Throughout the novel the author transports us from sunny, warm, corrupt and violent Nigeria, whose delta inhabitants are killed because they happen to be living on the unexplored, rich oil area, to the cold, grey, mundane life in England. The contrast is stunning in every respect between the two different worlds of fortunate and unfortunate people who both suffer in different ways. The two existences portrayed in a captivating and moving way.

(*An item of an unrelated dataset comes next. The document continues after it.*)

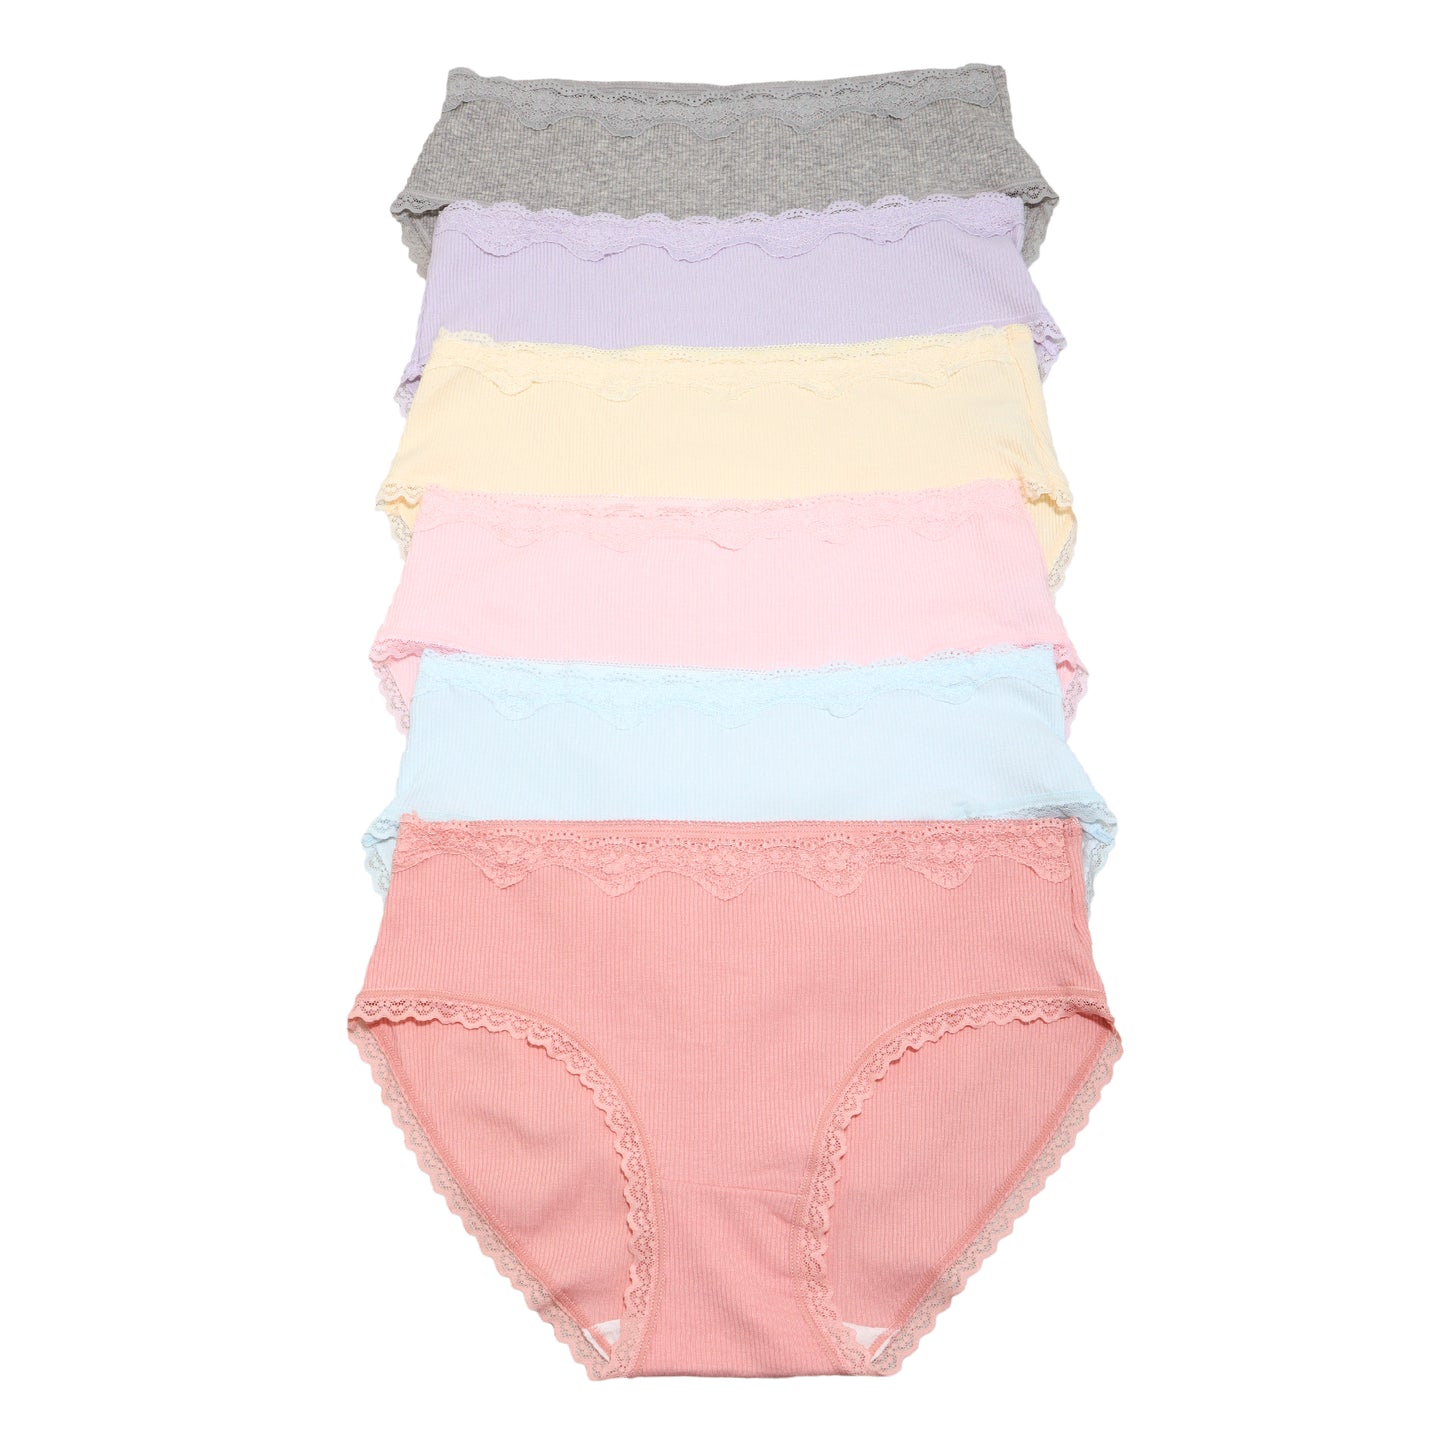 Cotton Hiphugger Panties with Flower Lace Accent (6-Pack)
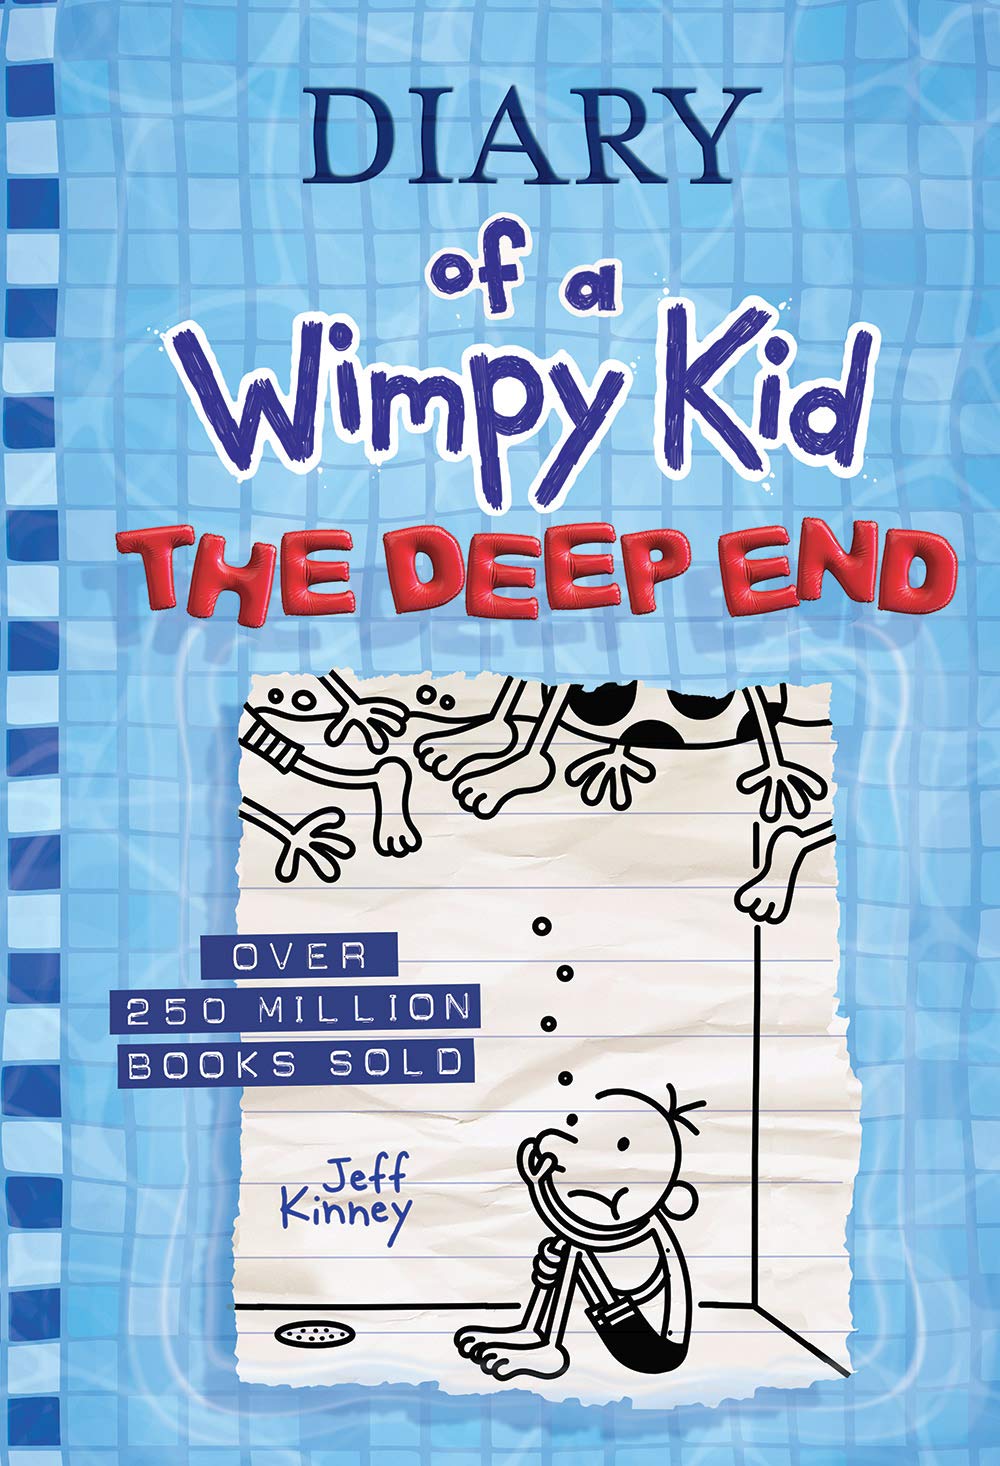 Diary of a Wimpy Kid #15 : The Deep End  (Hardcover)

There is also the underlining of the choices that some people have to make in life. Sarah had to sacrifice her middle finger to save Little Bee’s life, but on the other hand, while in a panic, she thoughtlessly asked Little Bee to contact the police to come and search for her missing, four-year-old son, Charlie. This ended in having Little Bee uncovered and arrested by the same police officers she had called to the rescue. Little Bee, who is young and innocent, makes the choice of fleeing her country to escape from the killers who are after her. As for Andrew O’Rourke, who is suffering from deep depression, he chooses to commit suicide which is helped by the reappearance of Little Bee.

The story’s end is intense and effective, conveying a powerful message. This is doubtless deliberate on the part of the author in order to awaken the human compassion and sense of decency in the hope of provoking a positive reaction and not having his missive lost like a scream in the desert.